Ärzte Zeitung, 03.07.2014

Gesundheitskarte

Alte Chipkarte soll in die Verlängerung

Offiziell sollte die Übergangsfrist, in der Leistungen noch über die alte Versichertenkarte abgerechnet werden können, Ende September auslaufen. Nun könnte es eine Verlängerung geben.

BERLIN. Rund sechs bis acht Prozent der gesetzlich Versicherten hätten nach wie vor eine alte Krankenversichertenkarte (KVK), teilweise mit einer Gültigkeitsdauer bis ins Jahr 2020.

Darauf wies KBV-Chef Andreas Gassen am Mittwoch im Gesundheitsausschuss des Bundestages hin.

Damit es in den Praxen nun nicht ab Herbst zu Problemen bei der Abrechnung von Leistungen kommt, wird laut Gassen derzeit eine Kompromisslösung erarbeitet. Geplant sei, für das letzte Quartal 2014 eine Übergangsregelung für die alten Karten zu finden.

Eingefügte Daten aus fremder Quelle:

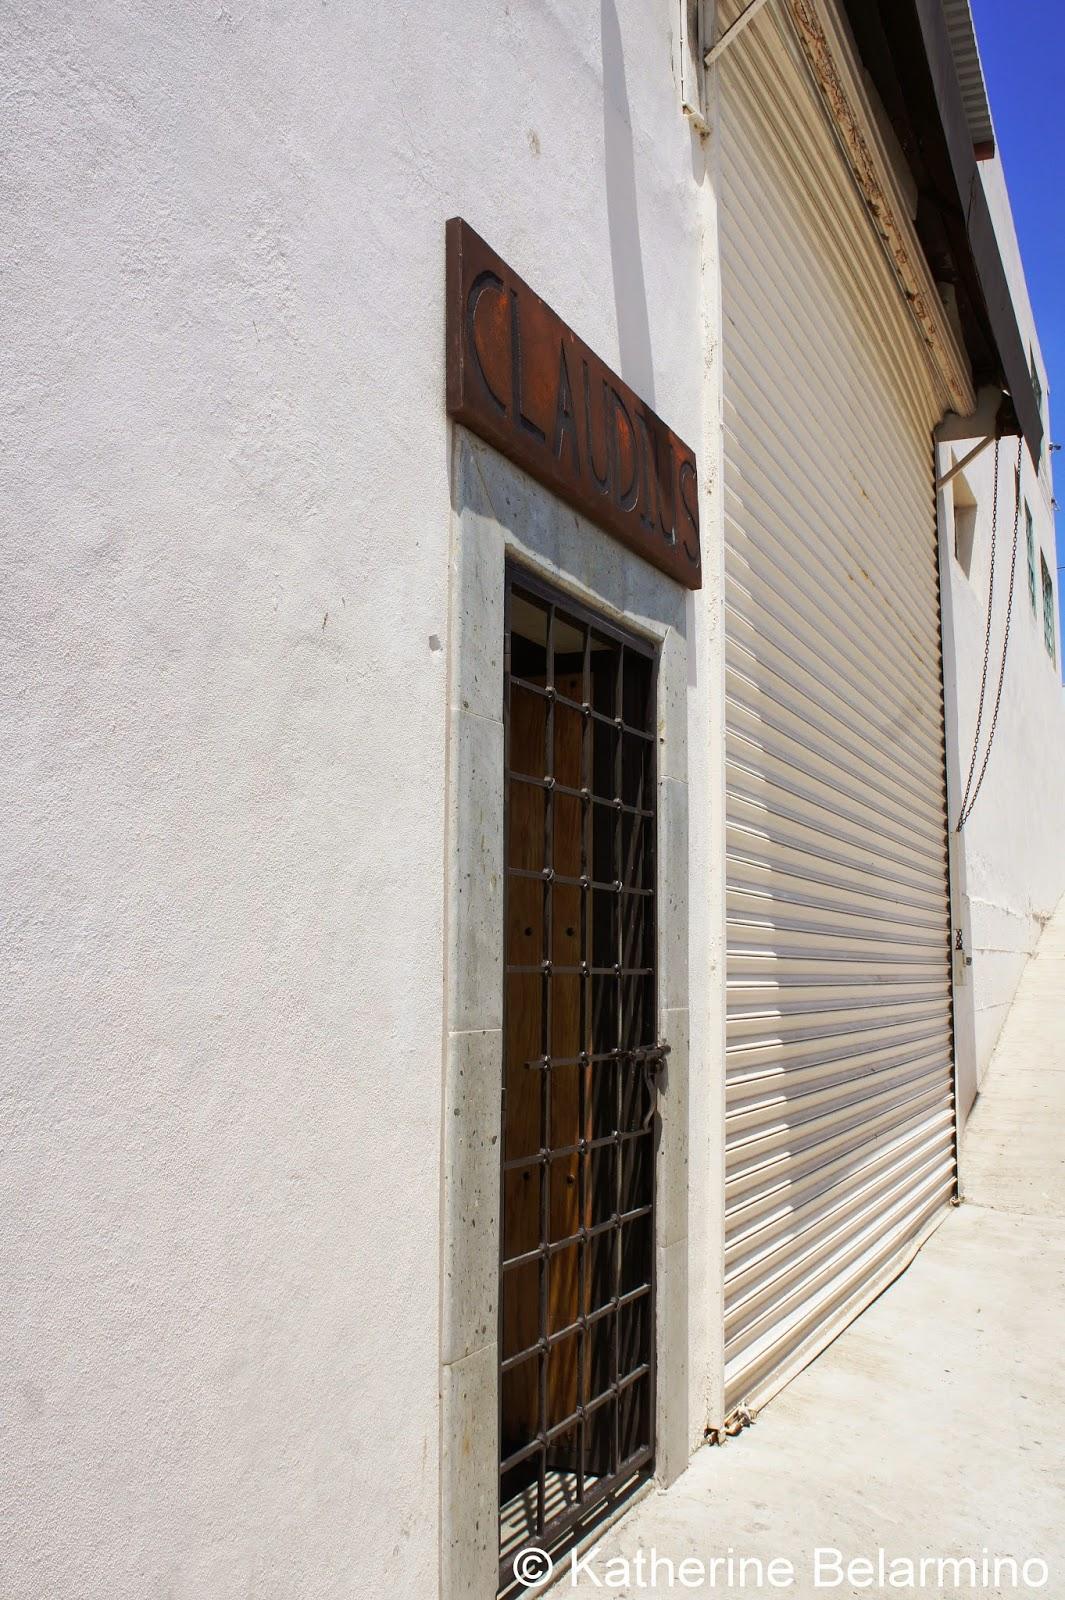 Claudius Viña y Bodega Rosarito Baja California Mexico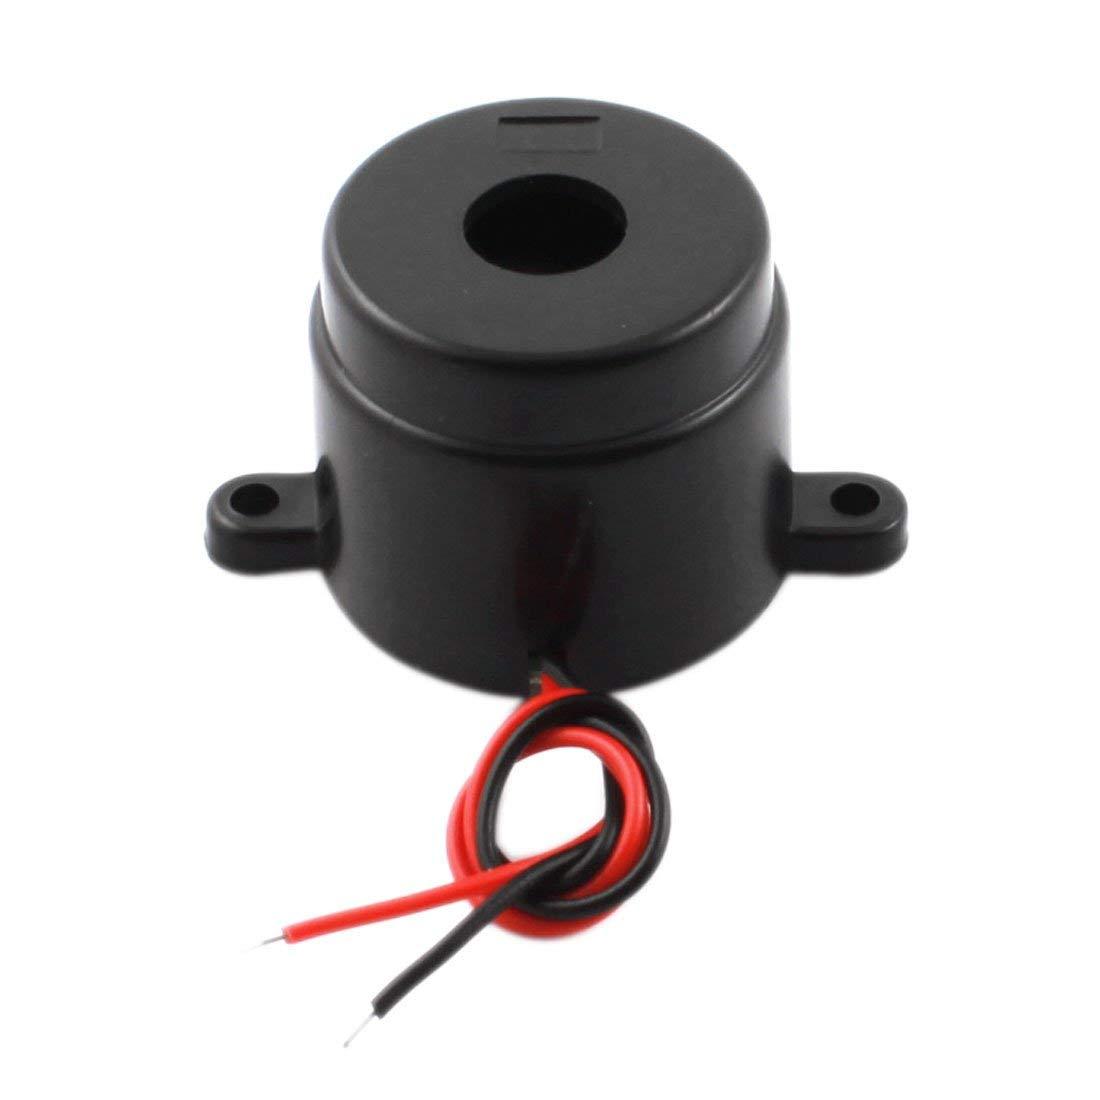 Cheap Buzzer Component, find Buzzer Component deals on line at

Damit könnten auch nach dem 30. September noch Leistungen über die alte Chipkarte abgerechnet werden. Eigentlich sollte dies nicht mehr möglich sein, wie die Antwort der Bundesregierung auf eine kleine Anfrage von Bündnis 90 / Die Grünen zum aktuellen Stand der Gesundheitskarte zeigt.

Wie die Regierung in ihrer Antwort klarmacht, sollte der 30. September der Stichtag sein. Die Kassenzahnärztliche Bundesvereinigung habe sich darauf mit dem GKV-Spitzenverband auch eindeutig geeinigt.

Nur bei den Humanmedizinern gab es laut Regierung noch Erörterungsbedarf. Doch dieser könnte, wie Gassen nun im Bundestag andeutete, ebenfalls in einer Einigung münden. Damit Ende des Jahres "wirklich Schluss" sei mit der Karte, sollen laut Gassen aber nicht nur die Kassen, sondern auch die Ärzte die Versicherten nochmals auf die Notwendigkeit der neuen Karte hinweisen. (reh)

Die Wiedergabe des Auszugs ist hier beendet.